Cart Before The Hearse (David Mallin Detective Book 14) Read online




  Cart Before The Hearse

  Roger Ormerod

  © Roger Ormerod 1999

  Roger Ormerod has asserted his rights under the Copyright, Design and Patents Act, 1988, to be identified as the author of this work.

  First published in 1980 by Robert Hale Ltd.

  This edition published in 2017 by Endeavour Press Ltd.

  Table of Contents

  Chapter One

  Chapter Two

  Chapter Three

  Chapter Four

  Chapter Five

  Chapter Six

  Chapter Seven

  Chapter Eight

  Chapter Nine

  Chapter Ten

  Chapter One

  We were driving a hot car, George and I, in more than one sense. I was behind the wheel, and well aware that some genius or other had breathed on that engine, had dabbled with such mysteries as high-lift cams and close-ratio boxes, and had poked out all the exhaust baffles. It had a healthy, throbbing and very hot feel about it. George, beside me, was eyeing the mike and radio transmitter morosely.

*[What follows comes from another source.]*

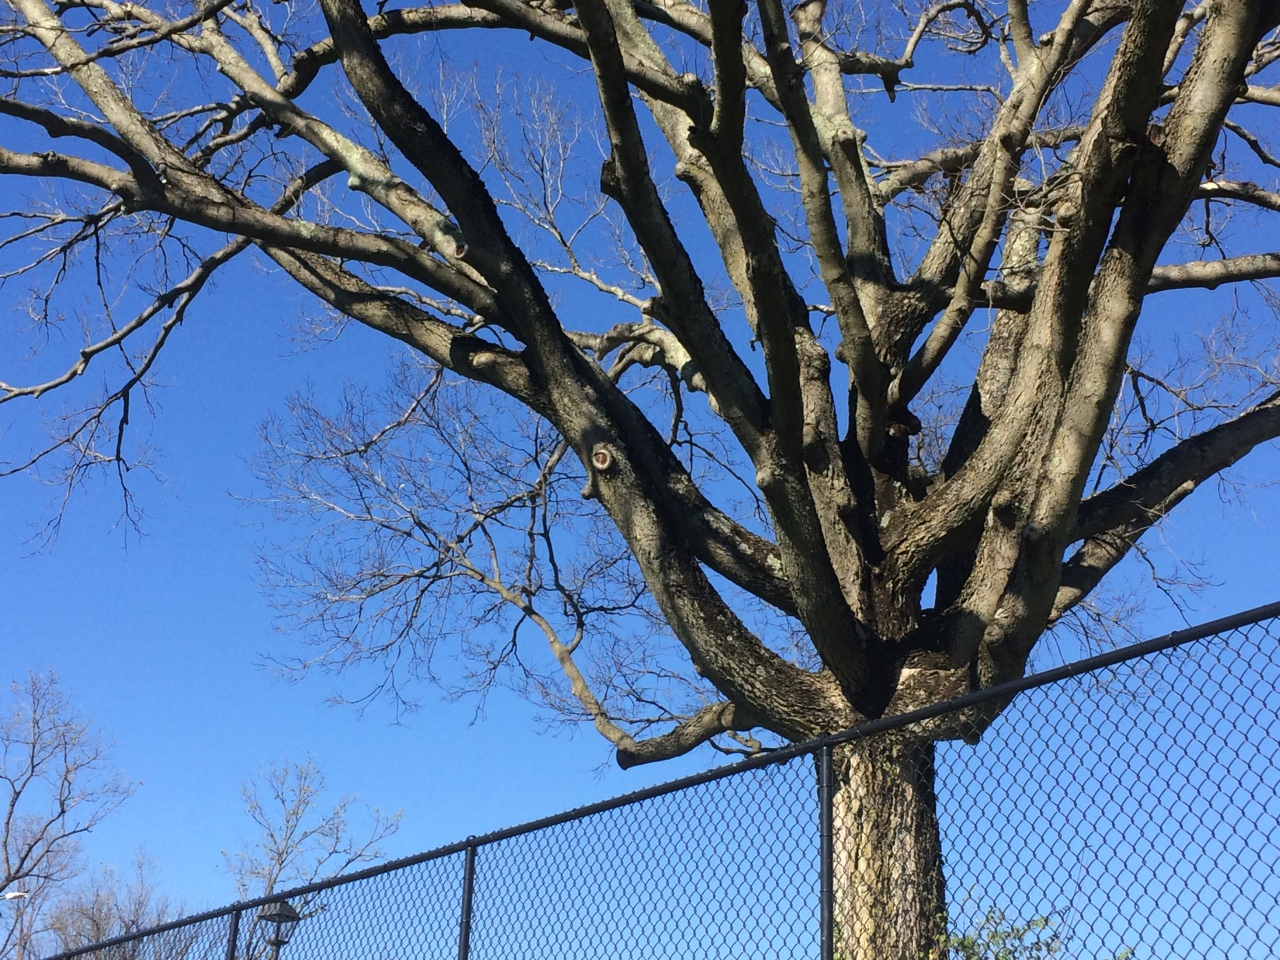 Gratitude 14 –Branches

He, I knew, was contemplating the fact that every police car in the country would probably be looking for this one. Hot indeed!

  I drove carefully, foot caressing the throttle. It would have been stupid to be picked up for a minor traffic offence, when our expectation was to be pulled in for murder.

  Though the word “murder” had not been used. Marcia Connolly had told us that her husband merely said: “I have killed…” No more and no less. And she had struck me as being inflexibly correct in all she said and did. She’d been quite calm about it, mind you, but, after all, she had had three days to think it over. Having thought, she appealed to Mallin & Coe, Private Investigators, because, in those three days, Ernest Connolly had said not another word.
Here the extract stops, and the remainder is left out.